5:00am

Thu March 15, 2012
Business

RTD Weighs Options for Northwest Corridor

The Regional Transportation District is weighing a new plan that postpones completion of the FasTracks rail project in Boulder County. KUNC’s Brian Larson spoke with Boulder County Business Report Publisher Chris Wood about the RTD proposal, local reaction and what’s next.

Larson: RTD is moving forward with rail projects throughout the Denver metro area. So why are they now backing away from completing a rail line in what they call the Northwest Corridor?

Wood: It all comes down to dollars, Brian. When RTD first proposed FasTracks in 2004, they estimated that the Northwest line would cost $895 million dollars to complete 80 miles of rail. A total of nine lines were envisioned throughout the metro area, including the Northwest Corridor, which would go from Westminster, through Broomfield, Louisville and Boulder all the way to Longmont. Even as costs have ballooned, sales-tax revenues have been less than expected because of the economy. So RTD now says there’s not enough money to complete the Northwest line.
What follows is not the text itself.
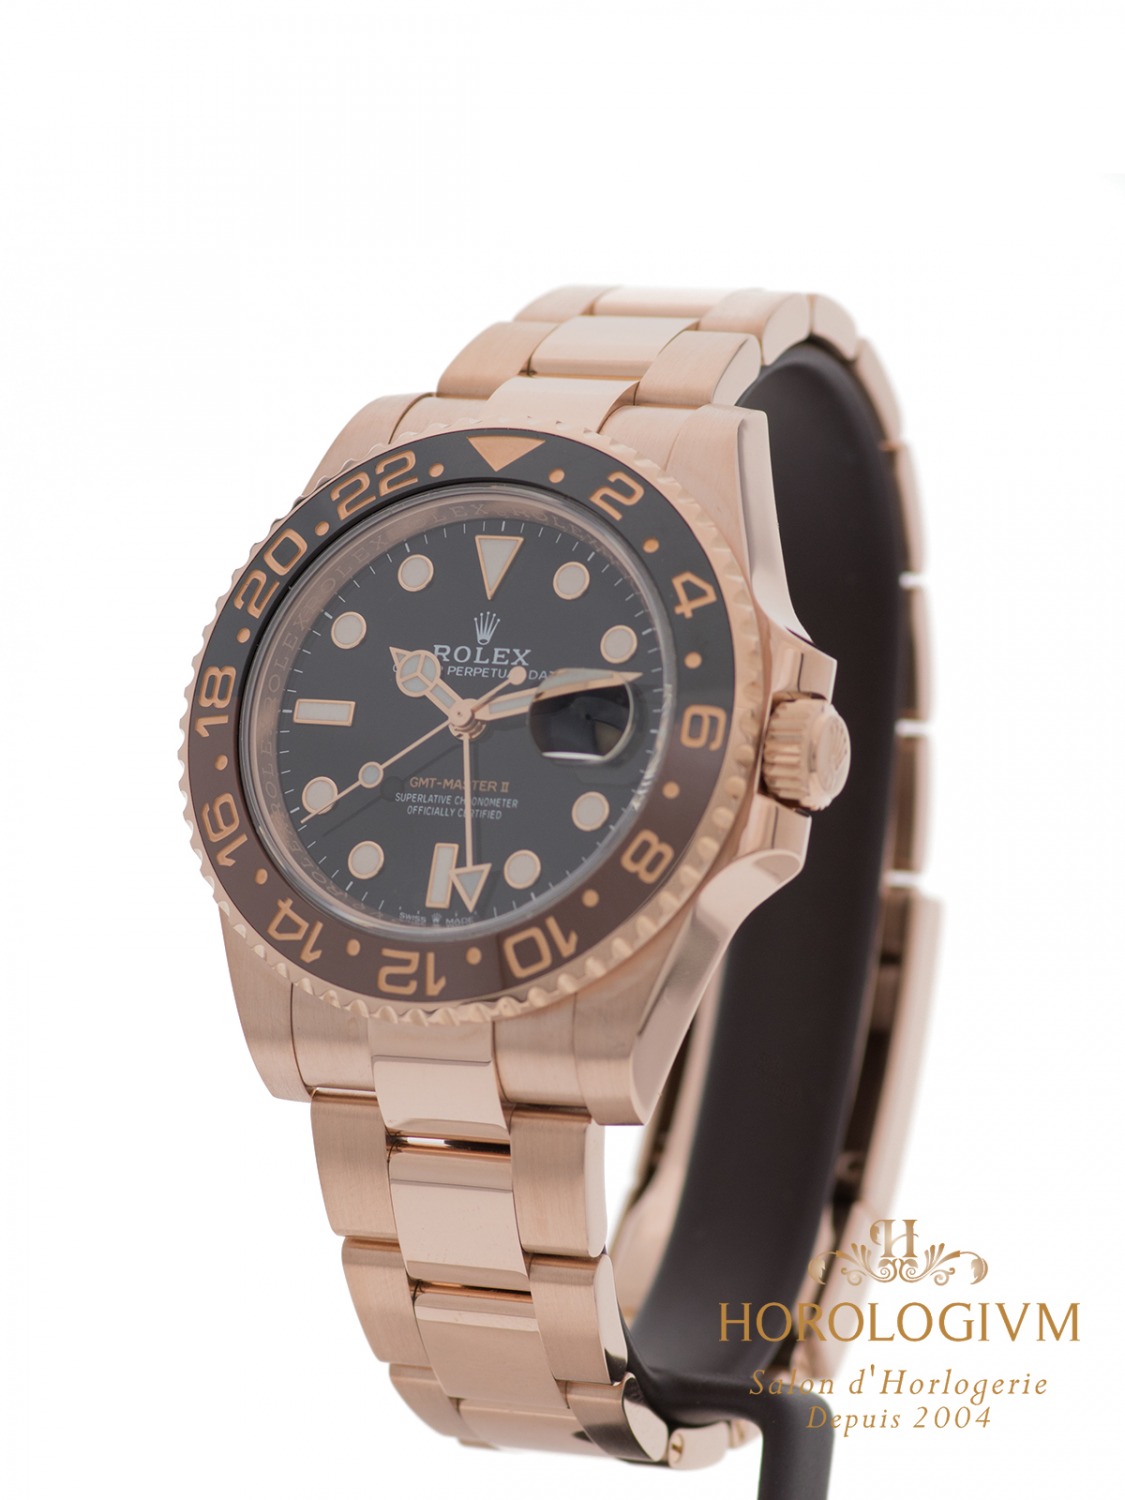 Rolex GMT-Master II Rose Gold Rootbeer Ref. 126715CHNR watch, rose gold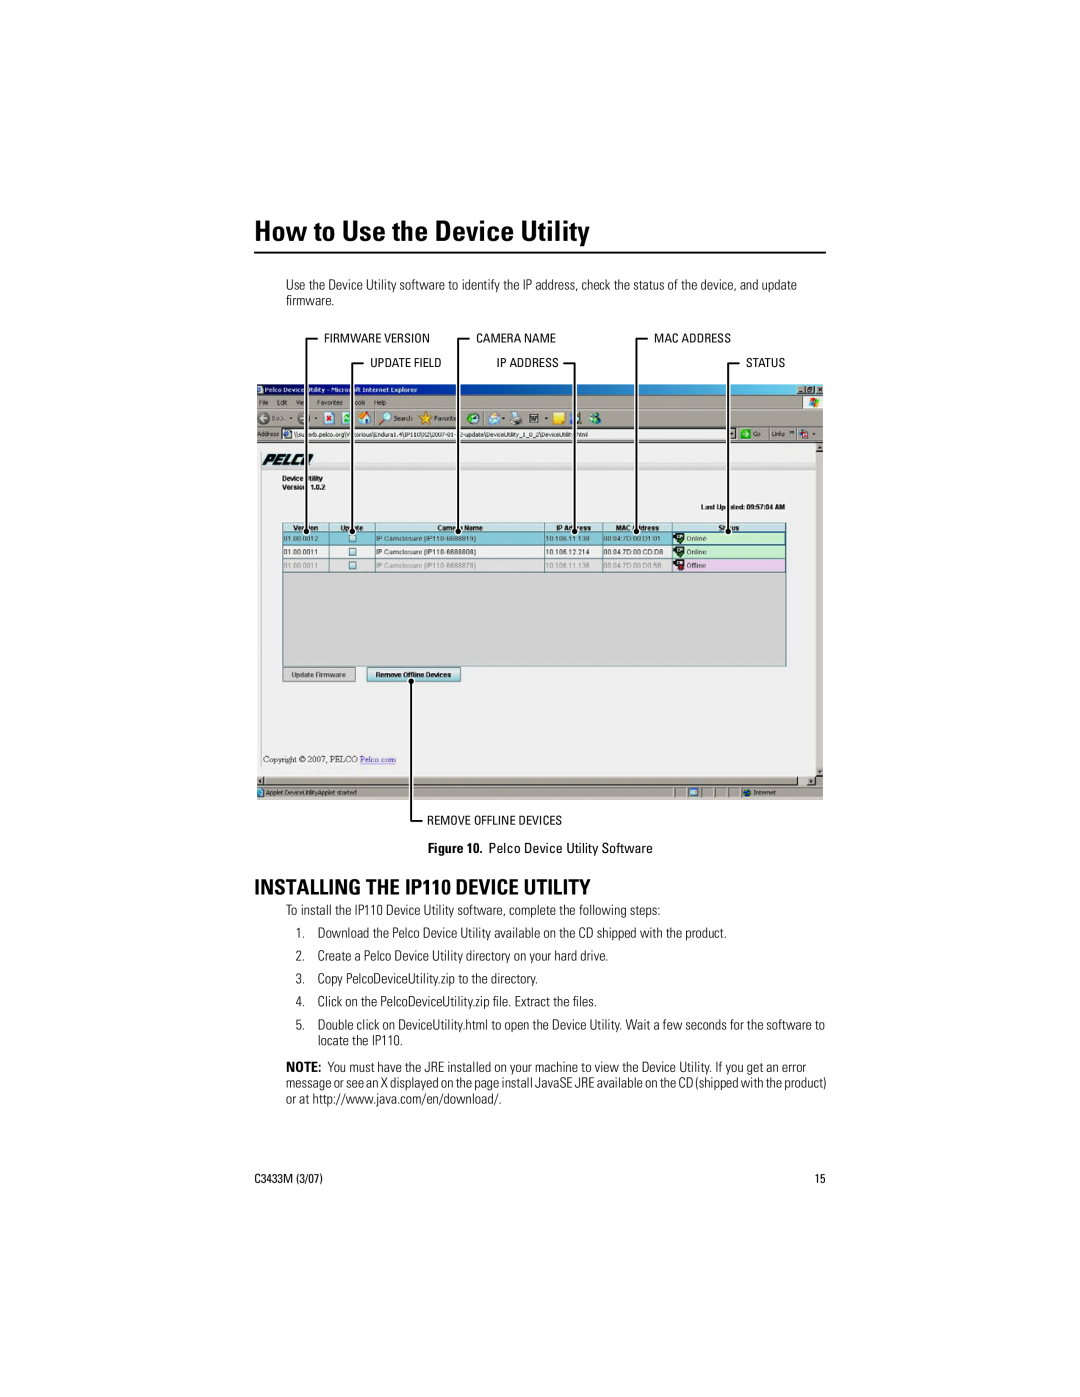 Pelco C3433M (3/07) manual How to Use the Device Utility, INSTALLING THE IP110 DEVICE UTILITY

Larson: Well if they can’t complete the rail line – than what are they recommending for the area?

Wood: Essentially, rail to Longmont becomes an open-ended proposition. RTD officials have recommended completion of one segment of rail, to Westminster, by 2020 or 2022, but with no completion date set for the rest of the line. They say the remainder of the line would be completed as costs become more effective and financing becomes more available. In the meantime, they propose a bus rapid transit system from Westminster to Longmont. And that plan, Brian, requires a successful FasTracks sales-tax election in November. Without it, the rail line would still be built, but wouldn’t be completed until 2042 – another 30 years.

Larson: I’m sure reaction to this has been colorful to say the least.

Wood: We’ve seen a mixed reaction. Some officials in Longmont and Louisville are downright angry, but the reception has been a bit better in Boulder, where the Camera newspaper described Boulder mayor Matt Appelbaum as being “cautiously optimistic” about a bus rapid transit system. In other communities, there’s definitely a feeling that voters in Boulder County have been paying for other areas to get rail service and now won’t get it themselves. There’s a feeling that promises have been broken, and it could affect the real estate market as well.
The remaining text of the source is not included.